One of the most important of these is the peak bone mass
achieved in adult life. Thus, postmenopausally, a woman may experience a fast rate of bone
loss but may not suffer fracture if she had a high, adult peak bone mass. Conversely, a
woman with a slow rate of postmenopausal bone loss may suffer fracture because her adult
peak bone mass was low.
But this correlation between peak bone mass and subsequent rate of loss postmenopausally
is not sufficiently close to predict fracture risk. At present, the best predictor of bone
mass at age 70 years is bone mass at age 50 years. Therefore, screening during the early
postmenopausal years to detect women at high risk of osteoporotic fracture in later life
must involve some assessment of bone density (bone densitometry).
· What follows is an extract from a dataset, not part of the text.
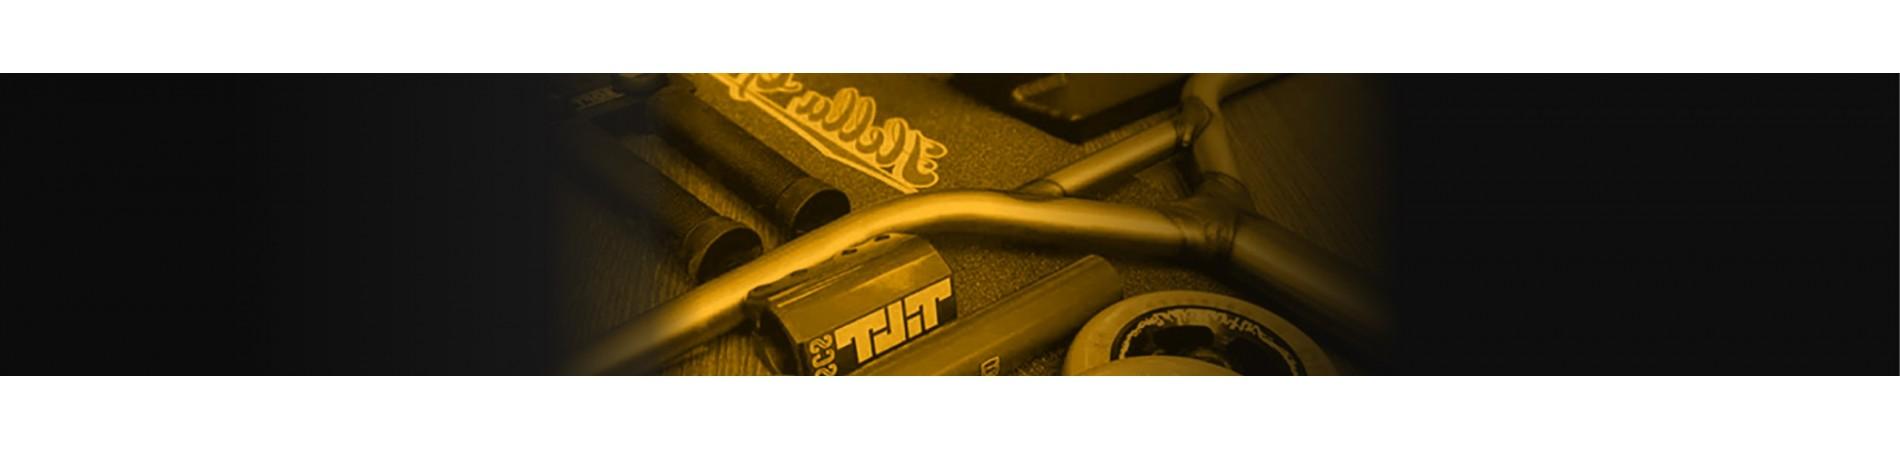 Piezas para Scooter Freestyle. Los mejores componentes para tu Scooter Freestyle

Peak bone mass is largely genetically determined, hence family history of osteoporosis in
predicting fracture risk is rather important. However, it can be affected by various
lifestyle factors. Women with prolonged periods of amenorrhoea
during the reproductive era, heavy tobacco and alcohol consumption are at a greater risk
of osteoporosis. Other lifestyle factors, however, may increase peak bone mass. High
parity and gravity dependent exercises (walking, running but not yoga or swimming) are
beneficial.
The other major factor affecting fracture risk is likelihood of falling. This will not be
considered further here.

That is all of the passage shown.